To begin, what does the statistical design of a clinical trial have to do with its strategic priorities?

I think they're intimately related. The strategic priorities of a sponsor should directly influence the statistical design of a clinical trial. Every clinical trial should generate a compelling dataset from which clear decisions can be made, whether it's about if your drug is safe and tolerable, or if your drug is efficacious, or what the risk benefit profile of your drug is, or if you're trying to trigger the next round of investment for development of your drug, or considering whether to stop your drug program. These types of strategic priorities rely on good statistical design because that design enables a clear decision. Conversely, if the statistical design is poor and decisions cannot be made with confidence, the data from a clinical trial has low value.

And you've said in a few places that Simulation-Guided Design helps with this process. What is Simulation-Guided Design? Could you explain in a non-technical sense how simulation works?

Yes, that's a terrific question.

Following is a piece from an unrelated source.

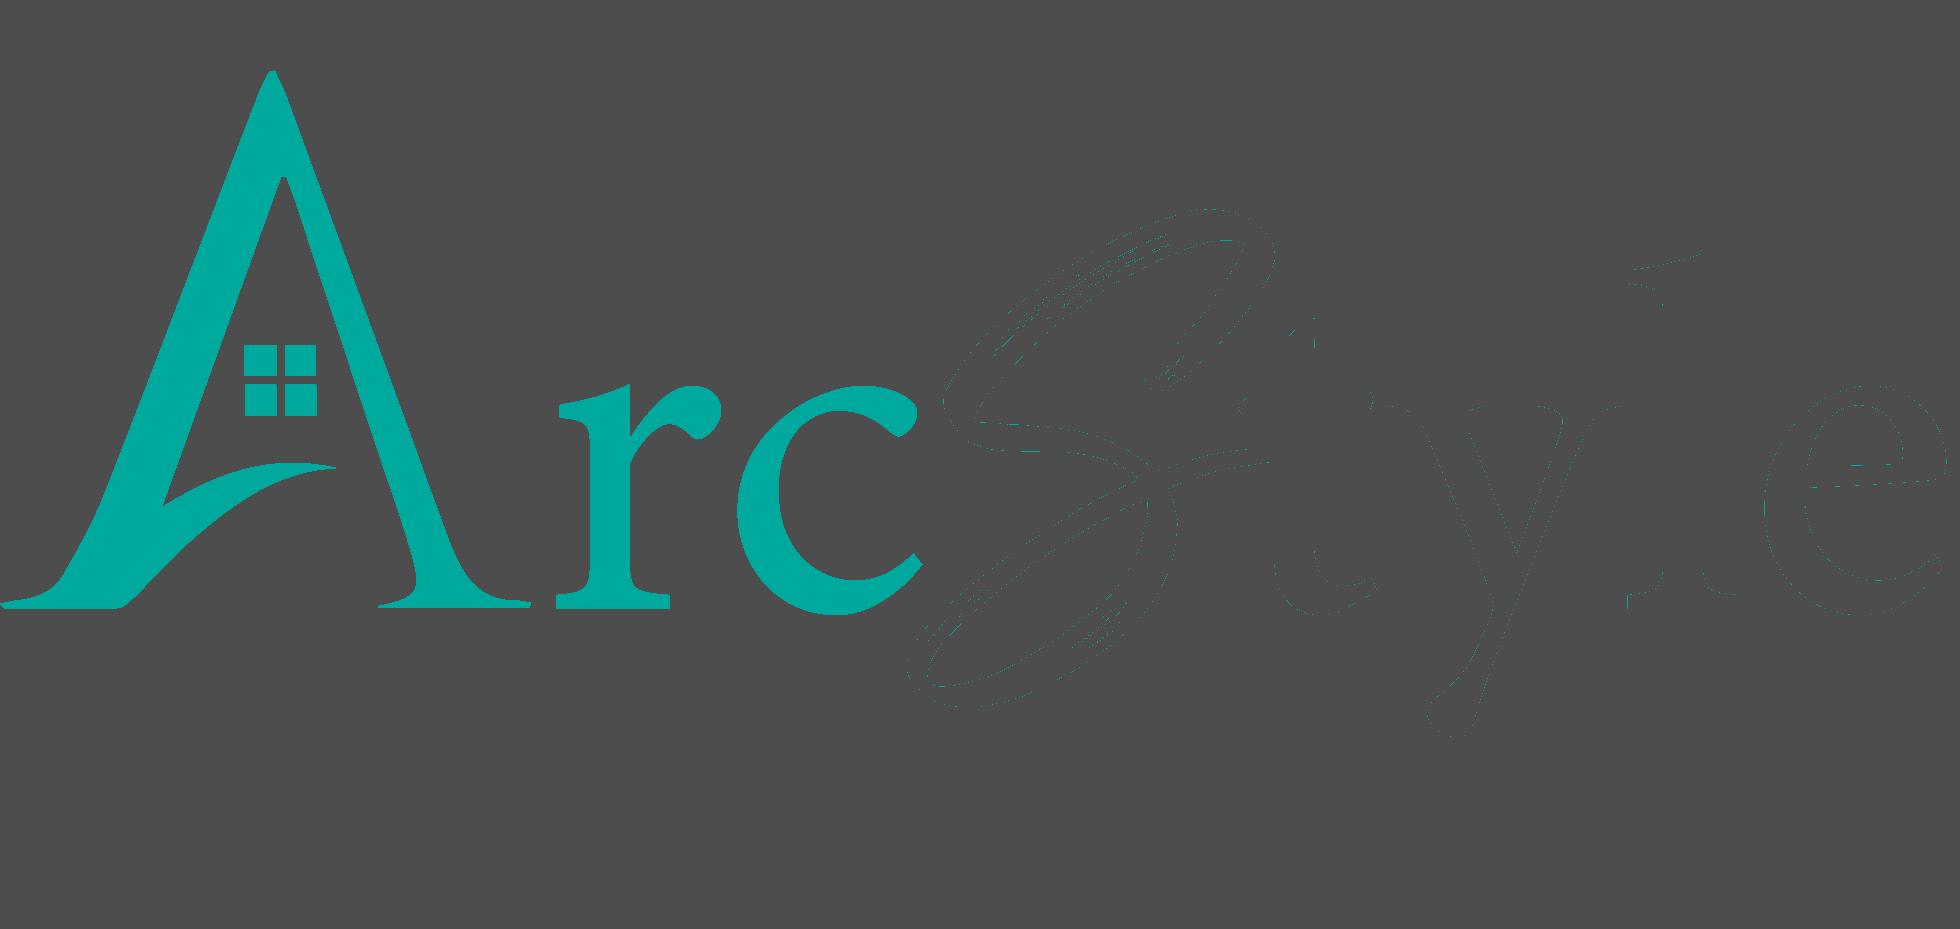 arc-style.com

There are a lot of assumptions and misconceptions about what simulation is and how we use it at Cytel, so let me start with the fact that simulation as we use it is not some black box comprised of artificial intelligence that magically predicts what your new drug or device will do.

Simulation, as we use it, generates data for teams to decide how to best design their studies based on their priorities. For a given set of assumptions and circumstances, we use the established principles of Monte Carlo simulation to show what might happen in a clinical trial if it were run many times. Critically, this approach helps teams better understand variability and uncertainty – the probability that an outcome will differ from their desired projection. For example, if they believe their new drug might reduce mortality by 20% based on early data, what is the likelihood that they will observe that same result in a larger clinical trial? A simulation-guided approach helps visualize the potential effects of variability in key factors like recruitment rate, treatment effect, and drop-outs.

So simulations can tell you how variability affects observed results and helps teams make informed decisions about how to design a clinical trial so that it has the best chance of success when they actually run it in the real world, out in the wild.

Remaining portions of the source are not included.